Children on the move: the tale of a surprising spillover in humanitarian cash transfers to refugees


This page in:

Imagine the following scenario: you have a population consisting of two groups, who are, on average, equally poor at baseline. You randomly pick one group to receive sizeable cash transfers: what would happen to inequality within this population? It should increase, mainly because you increased between-group inequality, which was negligible at the start (assume away, if you wish, within-group inequality for now). At the same time, poverty should decline in the recipient group relative to the other group.

Now, what if I told you that there was such a cash transfer program and six months after the monthly transfers started being disbursed to the recipients, overall inequality in the entire population (i.e. treatment and control combined) declined substantially. Not only that, but inequality within each group declined, while poverty fell by approximately 50% after one year (again, overall and within each group).

How does such a thing happen? One obvious answer is spillovers: if the cash transfer program also affects the control group, then it becomes possible to have outcomes that are divergent from what would be expected under an assumption of ‘no interference.’ In a recent working paper, co-authored with Çiğdem Çelik, Scott Cunningham, P. Facundo Cuevas, and Luca Parisotto (author order random), evaluating the impact of the Emergency Social Safety Net (ESSN) in Turkey, the largest cash transfer program for international refugees in the world, we tell the story of how program benefits were spread out throughout the refugee population – beneficiary or not. It happened via substantial changes in household size and composition, with a net movement of primarily school-aged children from larger non-beneficiary households to smaller beneficiary ones

Children on the move…

There is strong prima facie evidence in our data that the program caused movement of household members, children in particular, between households. Table 4 in the paper shows that a gap of 0.66 had opened up between the treatment and the control group in household size after just six months, which was equal for both groups at six members per household at baseline. This gap slowly increased to 0.8 persons by the 18-month follow-up. The number of children (aged 0-17) increased by 0.33 in the treatment group and declined by an almost identical 0.32 in the control group.

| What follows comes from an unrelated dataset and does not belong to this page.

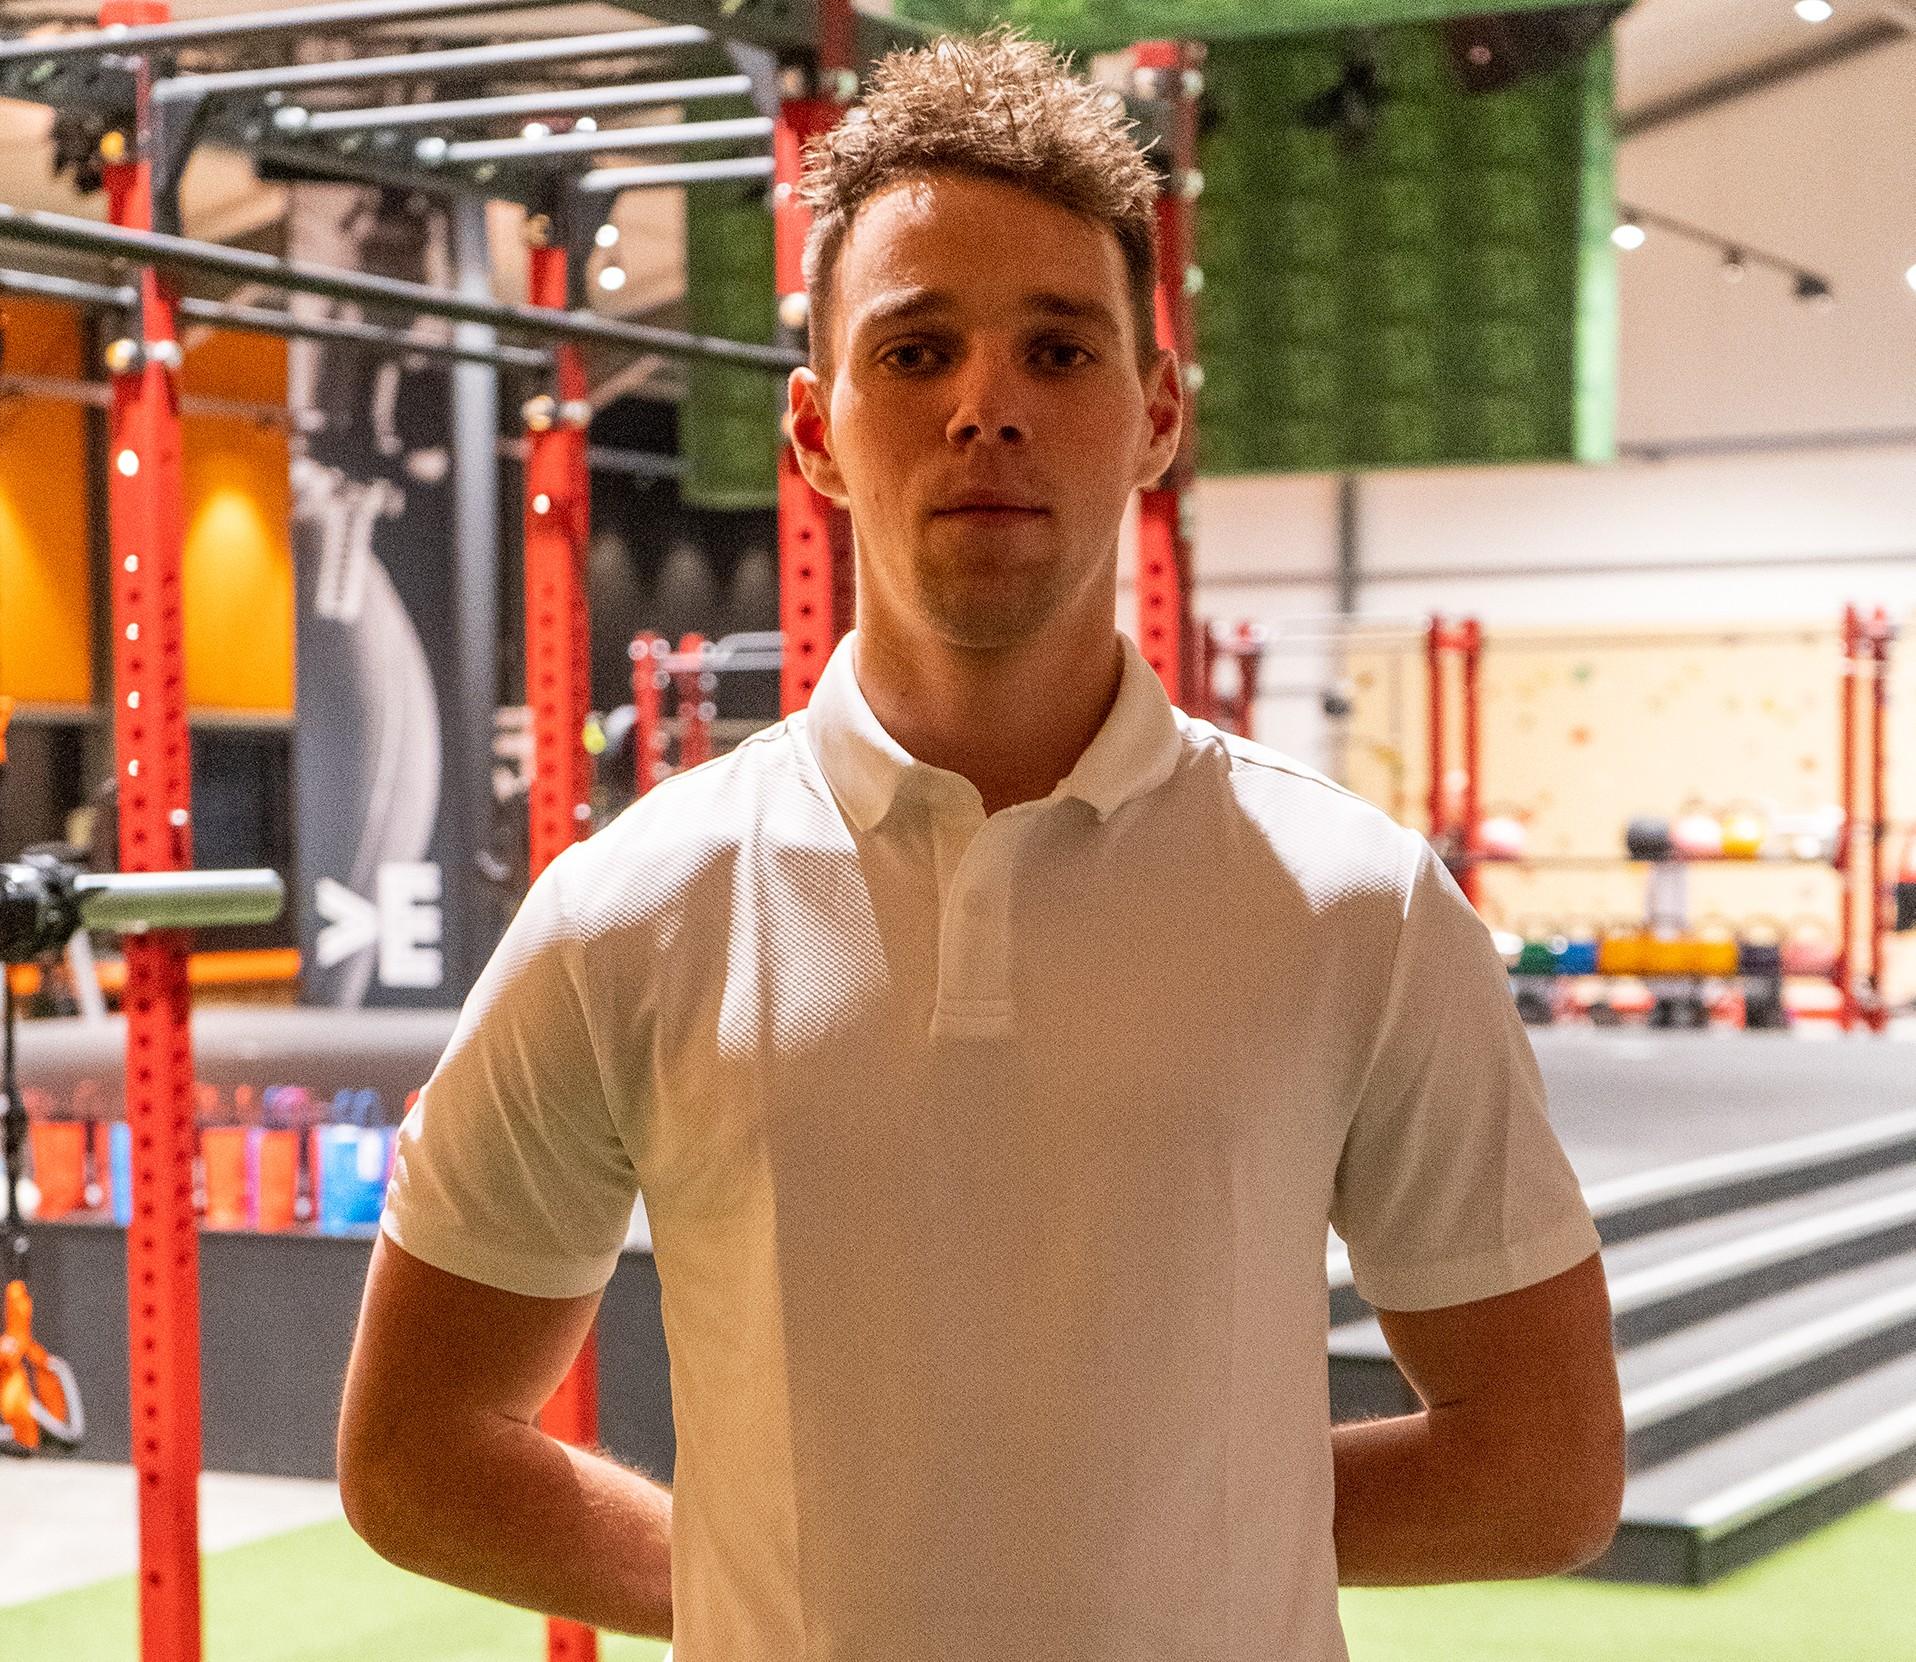 Ruben Eijzenga fitness trainer

There are two interesting aspects of this movement to note. First, the movement that caused a net increase (decrease) in household size in the treatment (control) group was part of a broader churn in household composition among the population of international refugees in Turkey: while more than 50% of households in both the treatment and control groups have no change in their household size at the six-month follow-up, many have lost or gained at least one member, with a non-negligible share of households losing or gaining two or more members (see Appendix Figure 3 in the paper). This implies that the movement was not only from control to treatment, but also from treatment to treatment, and control to control as well (and perhaps even treatment to control). Appendix Table 6 also makes it clear that vulnerable households are net senders of children regardless of beneficiary status, while better-off ones are net receivers.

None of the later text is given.